There are many types of social networks that could be mined from the data. For example, with named entity recognition techniques in place, one could identify people and organizations mentioned within an e-mail body and infer social links based on textual proximity. In this case, however, I chose to use the most clear and obvious linkage - direct communication. The inferred social network is based simply on e-mail communication, that is, an e-mail from one person to another is initially treated as a directed edge from sender to recipient.
In addition, I wanted to explore the annotations made by the class on the Enron e-mail data. I decided to focus on all e-mails that were categorized as having to do with Enron company business or strategy, as these are likely of greatest interest with respect to the company's illegal dealings. Furthermore, this set of e-mails is annotated with more specific business aspects, providing a fuzzy clustering ripe for visualization. I have treated these annotations as clustering results to visualize in the enronic system, though they could certainly be replaced or augmented by the output of automated clustering or classification algorithms. To facilitate visualization, I wrote SQL scripts that created database tables containing not only the social network, but for each individual message and for each link in the social network, the tally of classifications into the various categories of Enron's business. The various categories are listed in Figure 2.
Figure 1.
Visualization of Enron social network, in the process of layout.
Figure 1 shows the resulting social network visualization. People are are drawn as nodes with labels containing either their name or their e-mail address, depending on what was present in the database. Edges represent the histories of ALL e-mail traffic between two people. Pie graphs are placed in the center of each edge, conveying an overall picture of how the e-mail traffic represented by that edge has been categorized. Figure 2 displays the legend mapping category colors to category labels. The graph is laid out using a spring-mass physics model. Both real-time interactive animated layouts and static layouts are available. The visualization was constructed by modifying and extending the Vizster social network visualizer [2], built atop the prefuse visualization toolkit [3].
Figure 2.
Legend mapping colors to category labels.

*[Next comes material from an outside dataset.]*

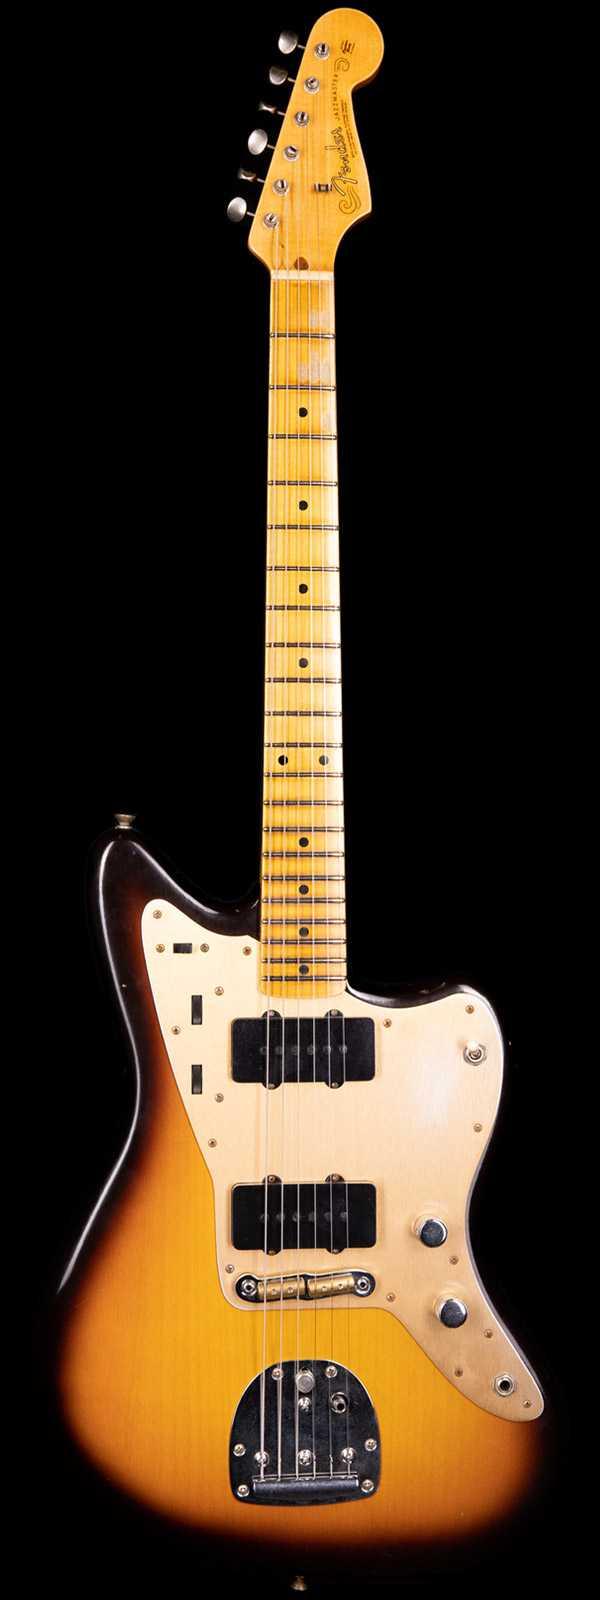 Fender Custom Shop 1958 Jazzmaster Journeyman Relic Limited Edition Flash Coat Chocolate 3-Tone Sunburst

A number of interactive behaviors are available. Mousing over a node causes its adjacent edges and neighboring nodes to highlight, and mousing over an edge causes both the edge and its adjacent nodes to highlight, aiding navigation. Clicking the background and dragging causes the display to pan, while holding down the right mouse button and dragging up or down causes the display to zoom. Nodes can also be dragged around. Clicking on a node causes the entire e-mail history for a person to be displayed in the message viewer (discussed in greater detail below). Similarly, clicking on an edge causes the entire message history between the two adjacent people to be displayed in the message viewer. Additionally, a connectivity slider along the bottom of the display allows users to filter the display. Moving the slider to the right causes only nodes with increasing connectivity to remain visible, refining the network visualization to show only increasingly connected actors. There is also a community slider, described in a later section. Figures 3-6 depict the visualization in various states of exploration.
Figure 3.
Enron social network from a zoomed-out view.
Figure 4.
Enron social network after filtering out nodes with fewer connections.
Figure 5.
Zoomed in view of a filtered network.
Figure 6.
Zooming in further to analyze a particular edge. The pie graph depicts the overall distribution of category assignments for e-mails between the two people.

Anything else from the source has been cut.